Особо хотелось рассказать о карцерной кухне. В те времена обычная тюремная пайка в «трюме» урезалась в два раза. Утром выдавался хлеб на весь день. Это примерно треть ржаной буханки. Причем ее подавали разрезанной на три равных доли. Ну, вроде как на завтрак, обед и ужин. Две ложки каши с куском чернушки с утра запивался кружкой мутной чуть подслащенной воды. Остатки хлебушка ложились на перевернутую кружку. Когда Галкин ходил по «трюму», глаза неотрывно смотрели на хлеб. «Ну, съем только черную корочку», – думал страдалец, остальное оставлю на обед и ужин. Но на деле этим планам никогда не суждено сбыться. К ужину хлеб не оставался ни разу, «голод не тетка». Мечта в карцере одна – съесть обычного ржаного хлеба столько, чтобы больше не хотелось. В обед – половина тарелки горячего супа и две ложки каши. Картошку в «трюмах» не давали. Запивать эту «вкуснятину» предлагалось такой же водичкой. В ужин – две ложки каши. Короче в карцере лучше голодать: на пятые сутки желудочно-кишечный тракт отключается, и кушать не хочется. Или почти не хочется… Но рано или поздно штрафные пятнадцать суток кончаются и Сергея вернули в «хату» № 16. От передачи его жены к этому времени не осталось ни крошки. Благодарные сокамерники все съели. Кстати сказать, в «черных» или их еще зовут «людских хатах» под подобный случай для страдальца готовят что-то вкусненькое. Например, колбасы или сыра и обязательно сигарет, если он курит. Ну, а в «ментовских» такие понятия не соблюдаются, по крайней мере, в большинстве из них. «Ничего страшного, – подумал про себя Галкин, – как-нибудь перебьюсь до обеда» …
Еще на воле они со Шмелевым договорились ходатайствовать о том, чтобы судили их в Вичуге. Им казалось, что суд в соседнем городе более объективный. Но Шмелев писать такое заявление не торопился. «Почты», как в ивановском СИЗО здесь не имелось, «маляву» не передашь. «Как же написать подельнику письмо?», – думал Галкин.
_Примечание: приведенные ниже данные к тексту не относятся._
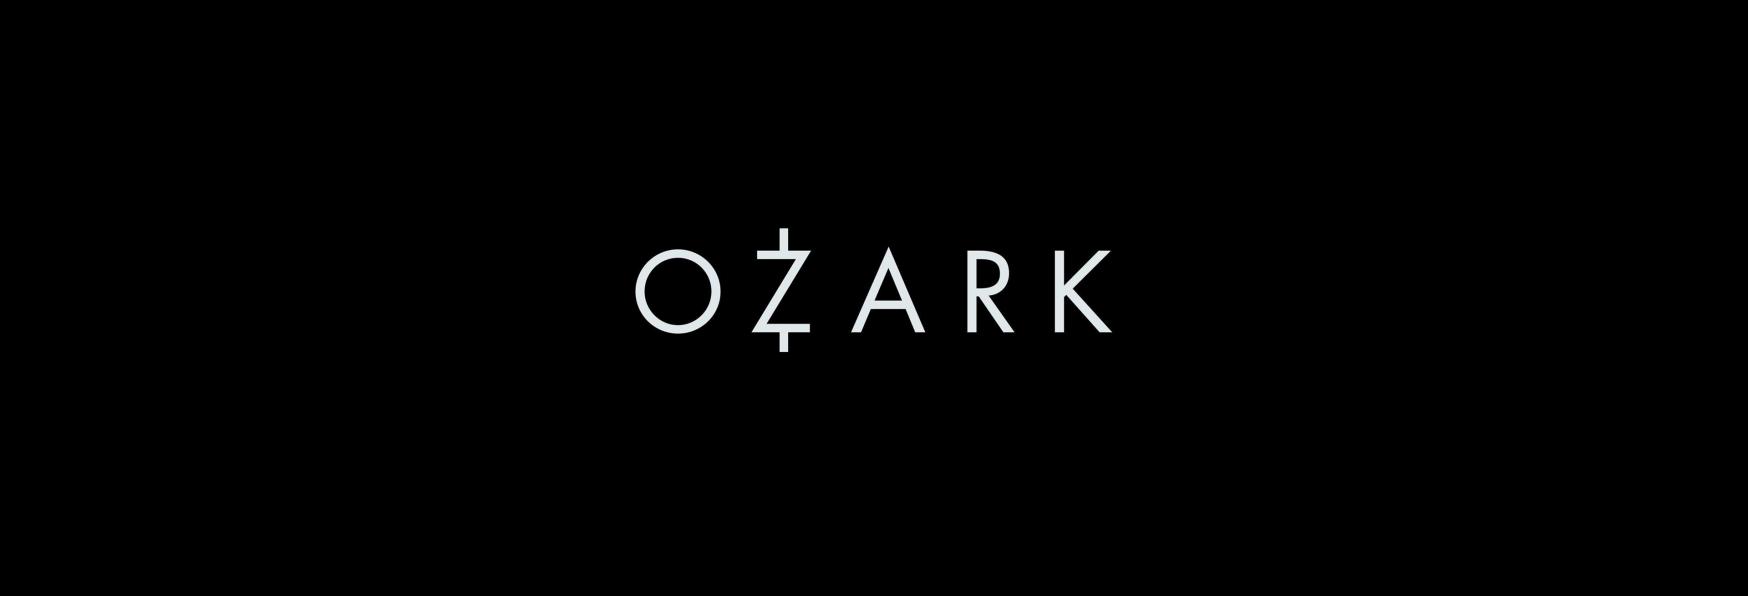 Ozark 4 Parte 2: il Trailer, il Poster e la Data di Uscita degli Ultimi Episodi della Serie TV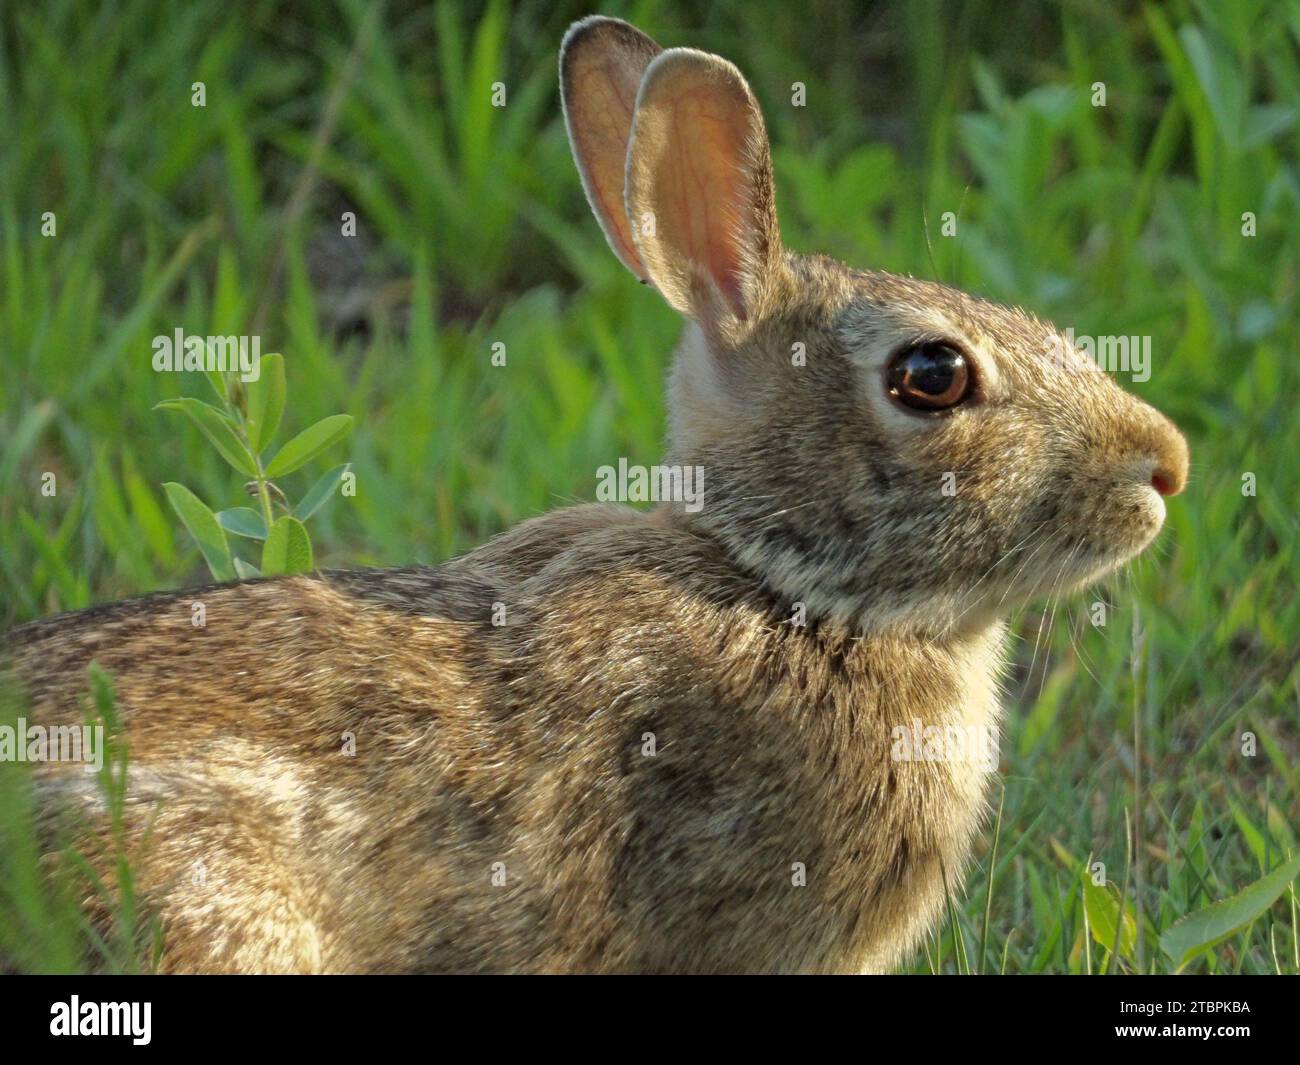 Ein Nahbild eines braunen und weißen Kaninchens in einem grasbewachsenen Gebiet, wahrscheinlich in einem Park Stockfoto

И придумал… На прогулки всегда водили мимо большого почтового ящика, стоящего прямо на полу. В него можно бросить письмо родственникам. Оно сначала попадало в специальную часть для цензуры, а затем – по назначению. Марки на конверты наклеивали сами сидельцы – внутри города Кинешмы достаточно одной, в другой город – три, за границу – пять. Сергей написал письмо от имени Шмелева несуществующей сестре на Украину, в Одессу на улицу Зеленая дом 8. Содержание примерно следующее: «Привет, Маша. Пишет тебе твой брат Михаил. Про мои неприятности ты, наверное, слышала, но все будет нормально. Перед арестом встретил твоего знакомого Николая с Вичуги. Он просил тебя написать ему. Адрес ты знаешь, а твоего ему я не дал. С уважением Михаил». А марочку-то на письмо наклеил одну. Умышленно… Расчет на то, что письмо вернут из специальной части, но… не Галкину, а Шмелеву, да еще и отругают его, за то, что марок пожалел. И все получилось. Только у того, как оказалось позже, родная сестра – не выдуманная, а настоящая работала секретарем у прокурора. И она, переживая за брата, договорилась, что прокурор будет просить условные меры наказания. Причем для нас обоих. Писать, конечно, Михаил по этой причине никуда не стал. А я-то находился в полном неведении…
Наконец, у «хат» № 16 и №4 открылись двери, и раздалась долгожданная команда:
– Со всеми вещами на выход.
Затем пешая прогулка по длинному коридору изолятора, ожидание в тесном «боксике» и погрузка в «автозак». Встреча с подельником в спец. машине оказалась искренне радостной, ведь мы до этого с ним не виделись ни разу. «Следующая остановка – кинешемский народный суд», – сам для себя в уме сострил Галкин. Процесс состоялся 11 и 12 февраля 1997 года. Интересным оказался вопрос судьи Панковой потерпевшему Баеву:
– А как вас смог подсудимый ударить ногой по голове, ведь вы примерно одного роста? Знаниями о восточных единоборствах она явно не обладала. Тот ответил:
– Я не знаю, ваша Честь, нога просто поднялась, и…я потерял сознание.
Впрочем, приговор оказался достаточно мягким – Галкину четыре месяца исправительных работ, Шмелеву – шесть. Но с учетом того, что зачет идет из расчета один день СИЗО за три дня работ, Сергей «пересидел» восемь месяцев исправительных работ, сверх того, что положено по приговору. Зато формально судимость сразу погасилась…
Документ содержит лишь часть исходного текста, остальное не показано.